This is caused by the following code (as you identified):
def anagram?(reference, [head | tail]) when head in reference do
anagram?(reference - head, tail)
end
You can find the definition of the in
macro in the source code, but I have copied it here for convenience - it also contains the following in the documentation:
Guards
The in
operator can be used in guard clauses as long
as the right-hand side is a range or a list. In such cases, Elixir
will expand the operator to a valid guard expression.
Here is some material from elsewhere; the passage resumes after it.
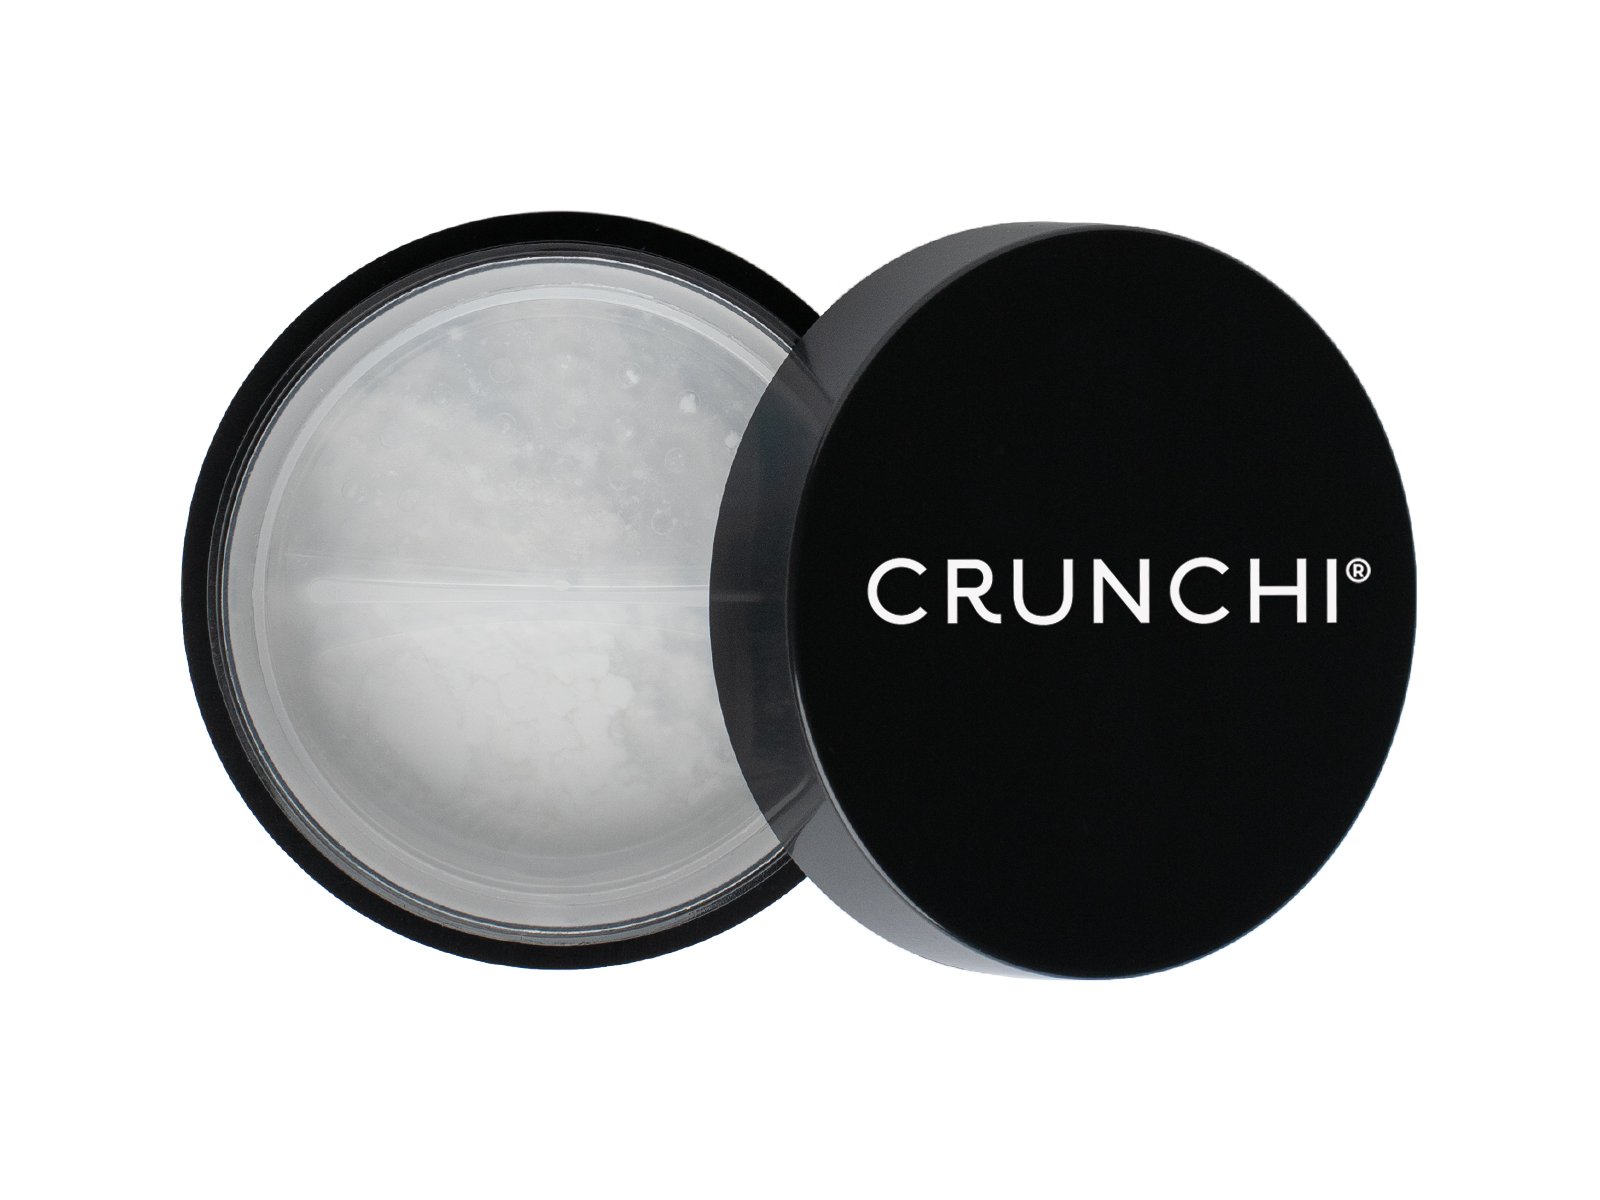 Crunchi Translucent Finishing Powder

For example:
when x in [1, 2, 3]
translates to:
when x === 1 or x === 2 or x === 3
The code that defines the macro:
defmacro left in right do
in_module? = (__CALLER__.context == nil)
right = case bootstraped?(Macro) and not in_module? do
true -> Macro.expand(right, __CALLER__)
false -> right
end
case right do
_ when in_module? ->
quote do: Elixir.Enum.member?(unquote(right), unquote(left))
[] ->
false
[h|t] ->
:lists.foldr(fn x, acc ->
quote do
unquote(comp(left, x)) or unquote(acc)
end
end, comp(left, h), t)
{:%{}, [], [__struct__: Elixir.Range, first: first, last: last]} ->
in_range(left, Macro.expand(first, __CALLER__), Macro.expand(last, __CALLER__))
_ ->
raise ArgumentError, <<"invalid args for operator in, it expects a compile time list ",
"or range on the right side when used in guard expressions, got: ",
Macro.to_string(right) :: binary>>
end
end
Your code block is hitting the last part in the case statement because it can't be guaranteed at compile time that your variable reference
is of type list
(or range
.)
You can see what value is being passed to the macro by calling:
iex(2)> quote do: head in reference
{:in, [context: Elixir, import: Kernel],
[{:head, [], Elixir}, {:reference, [], Elixir}]}
Here, the atom :reference
is being passed to the in
macro, which doesn't match any of the previous clauses so it falls through to the _
clause (which raises the error.)
To fix this, you will need to combine your last two clauses into one function:
def anagram?(reference, [head | tail]) do
case head in reference do
false ->
IO.puts 'Not an anagram, #{head} is not in the reference word.'
false
true ->
anagram?(reference - head, tail)
end
end
It is also worth noting that you probably want to use "strings"
instead of 'char_lists'
http://elixir-lang.org/getting-started/binaries-strings-and-char-lists.html#char-lists
The other thing is that calling reference - head
won't work (it will raise an ArithmeticError
). You might want to look at List.delete/2 to remove an item from a list.